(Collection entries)
━━━━━━━━━━━━━━━━━━━━

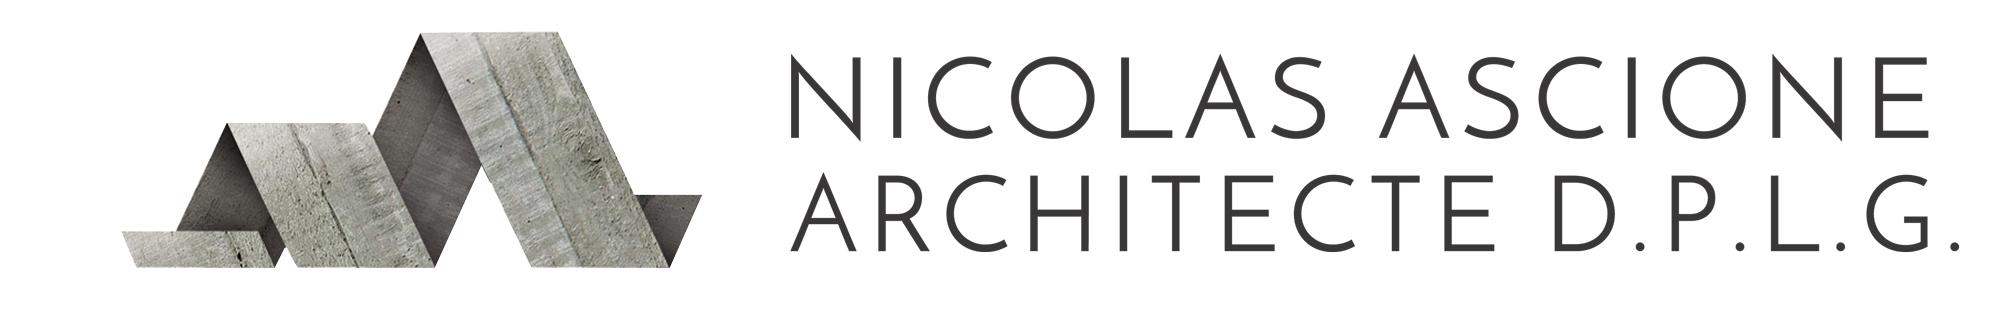 NICOLAS ASCIONE ARCHITECTE D.P.L.G.
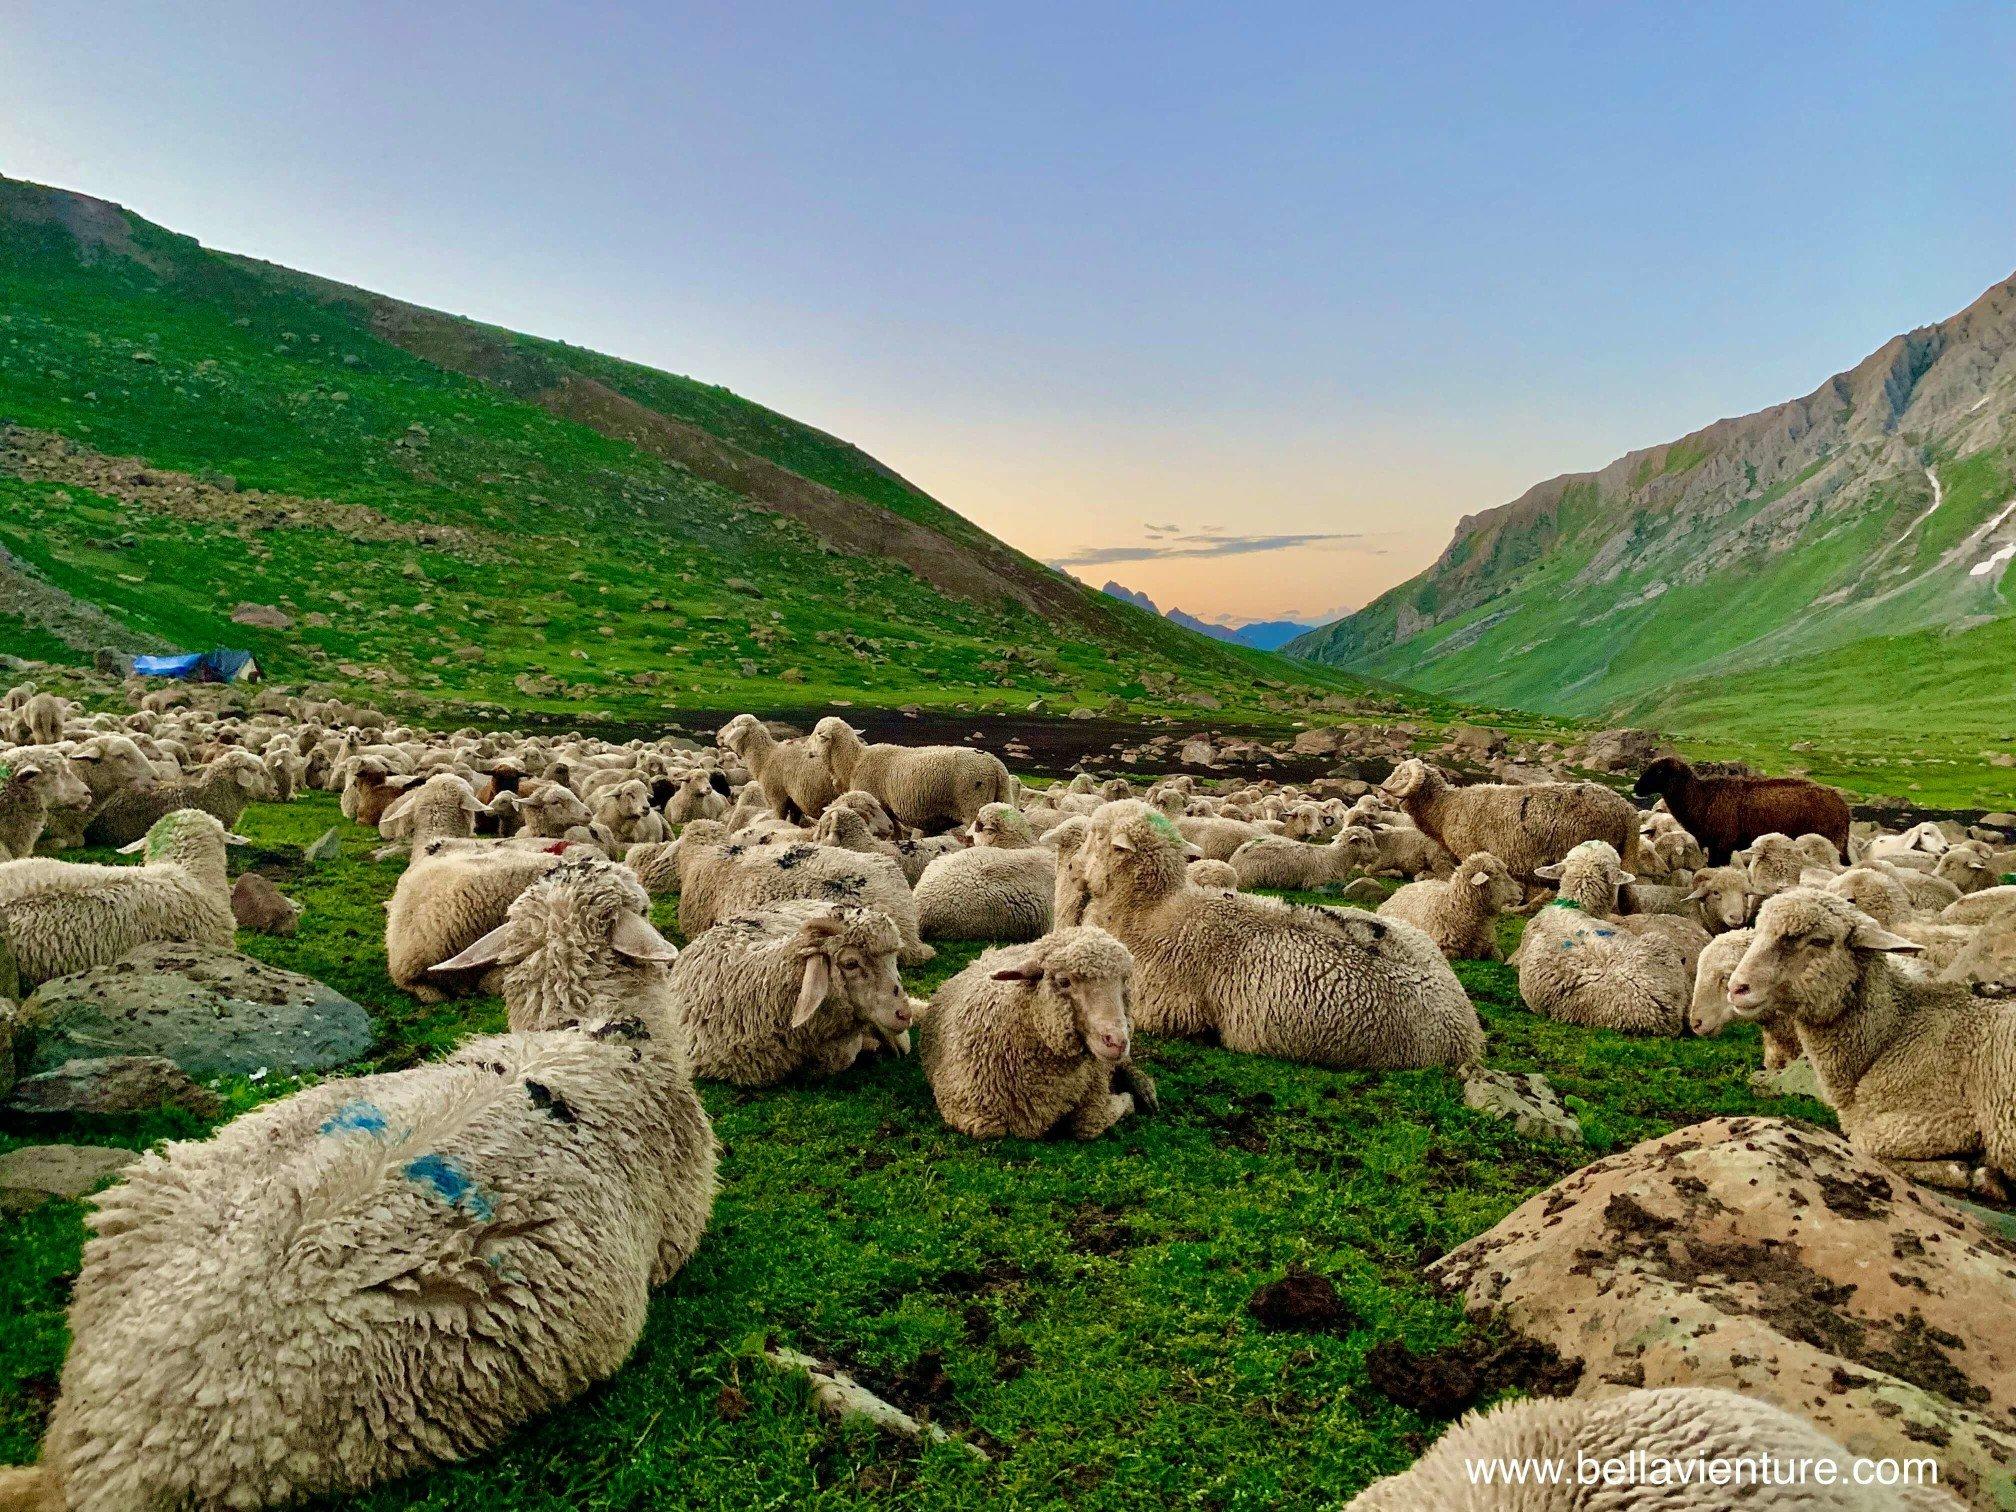 印度 India 北北印 North India 喀什米爾  Kashmir 八天七夜 健行 Nichnai Valley 傍晚被趕回來的千隻綿羊
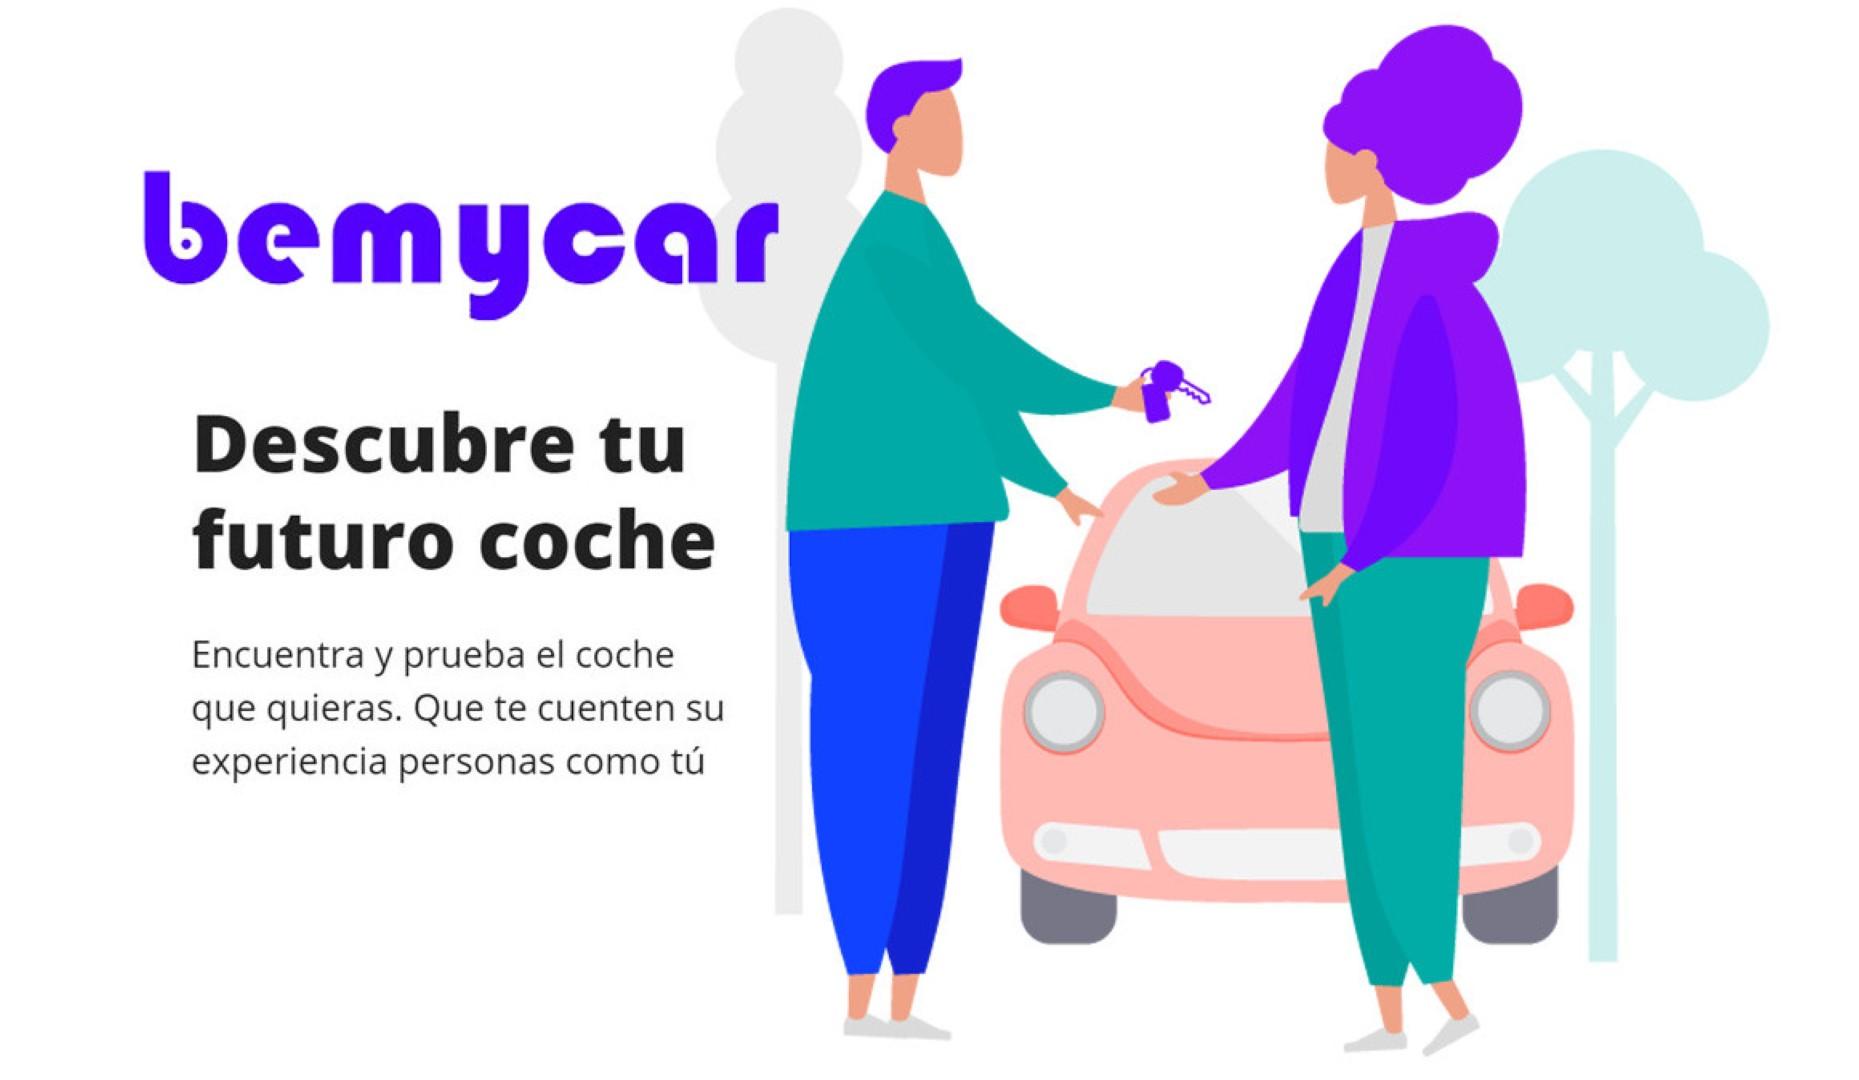 Bemycar: gana dinero por enseñar tu coche
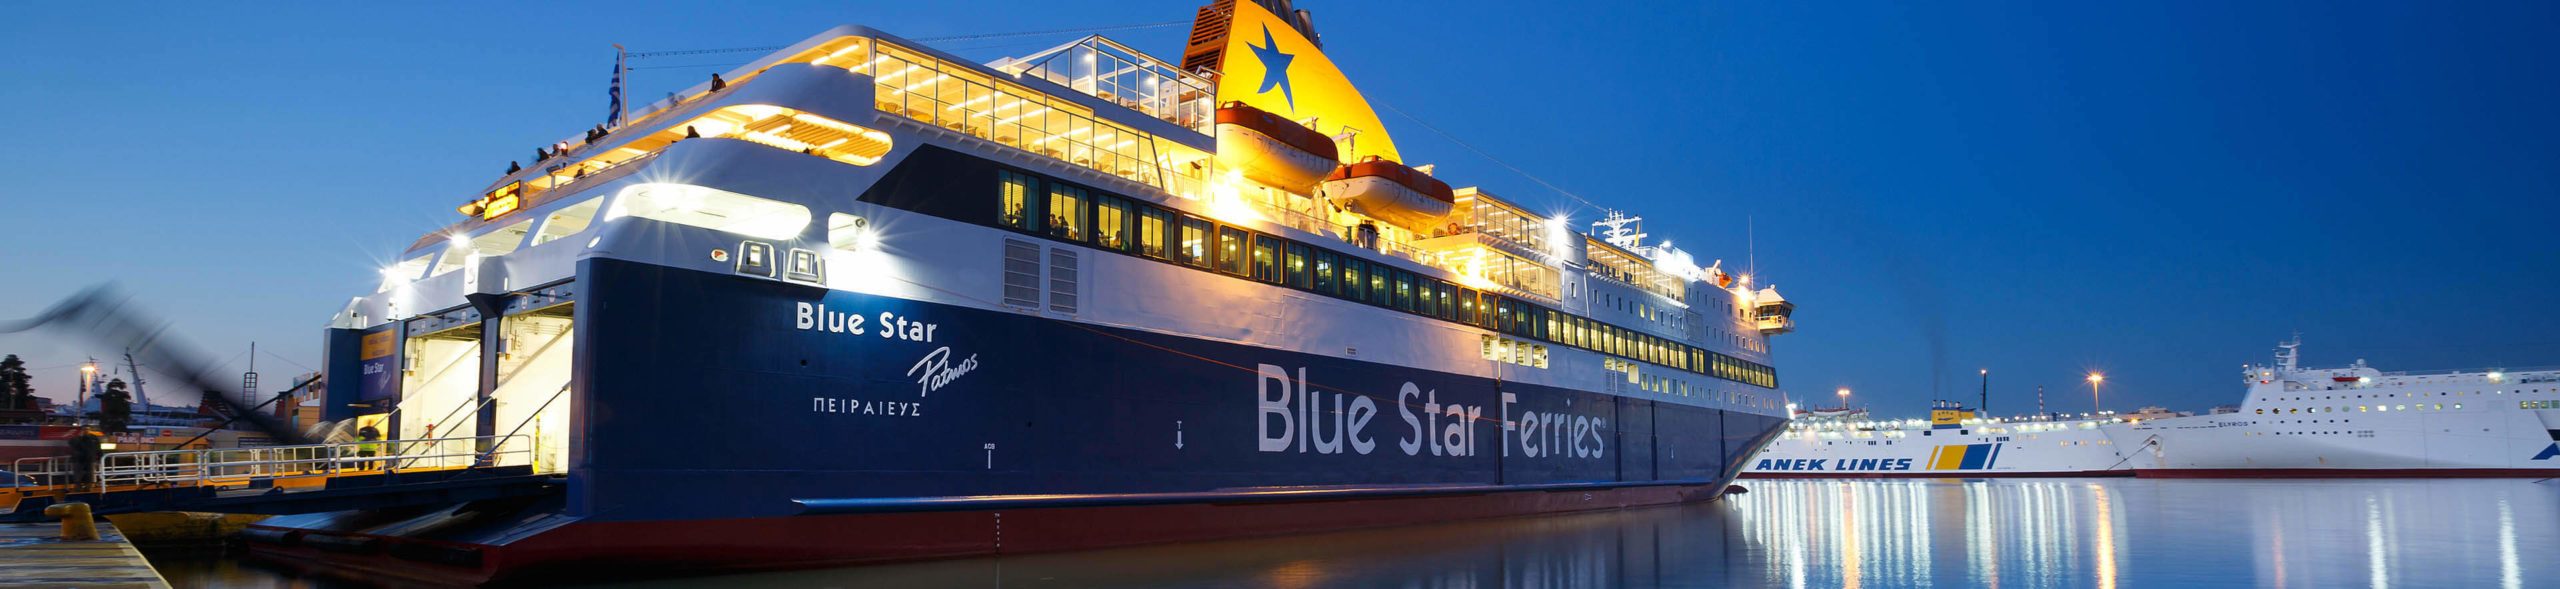 διπλό εισιτήριο από Κάρπαθο -Αθηνά δωρεά από την Blue Star Ferries.
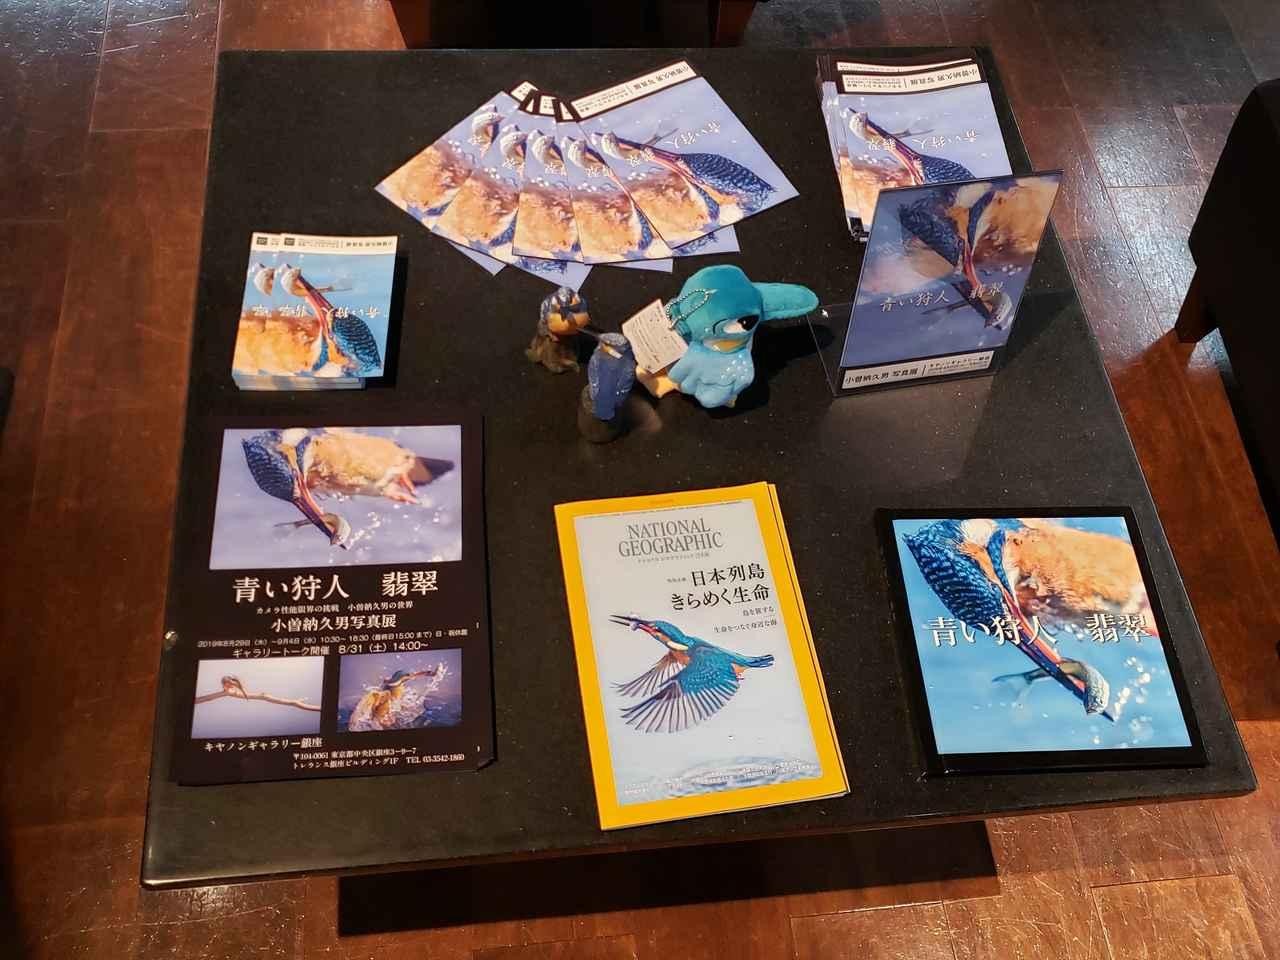 画像: (中央)「ナショナル ジオグラフィック日本版」2018年9月号の表紙の翡翠は、小曽納さんの撮影によるもの。(右)「青い狩人 翡翠」の写真集も会場でご覧いただけます。

━━━━━━━━━━━━━━━━━━━━

### Exercise instructions
The lines from the one containing "διπλό εισιτήριο από" through the last line above are to be repeated exactly, and only those. Any pictures must be left out.

### Final answer
 διπλό εισιτήριο από Κάρπαθο -Αθηνά δωρεά από την Blue Star Ferries.
 画像: (中央)「ナショナル ジオグラフィック日本版」2018年9月号の表紙の翡翠は、小曽納さんの撮影によるもの。(右)「青い狩人 翡翠」の写真集も会場でご覧いただけます。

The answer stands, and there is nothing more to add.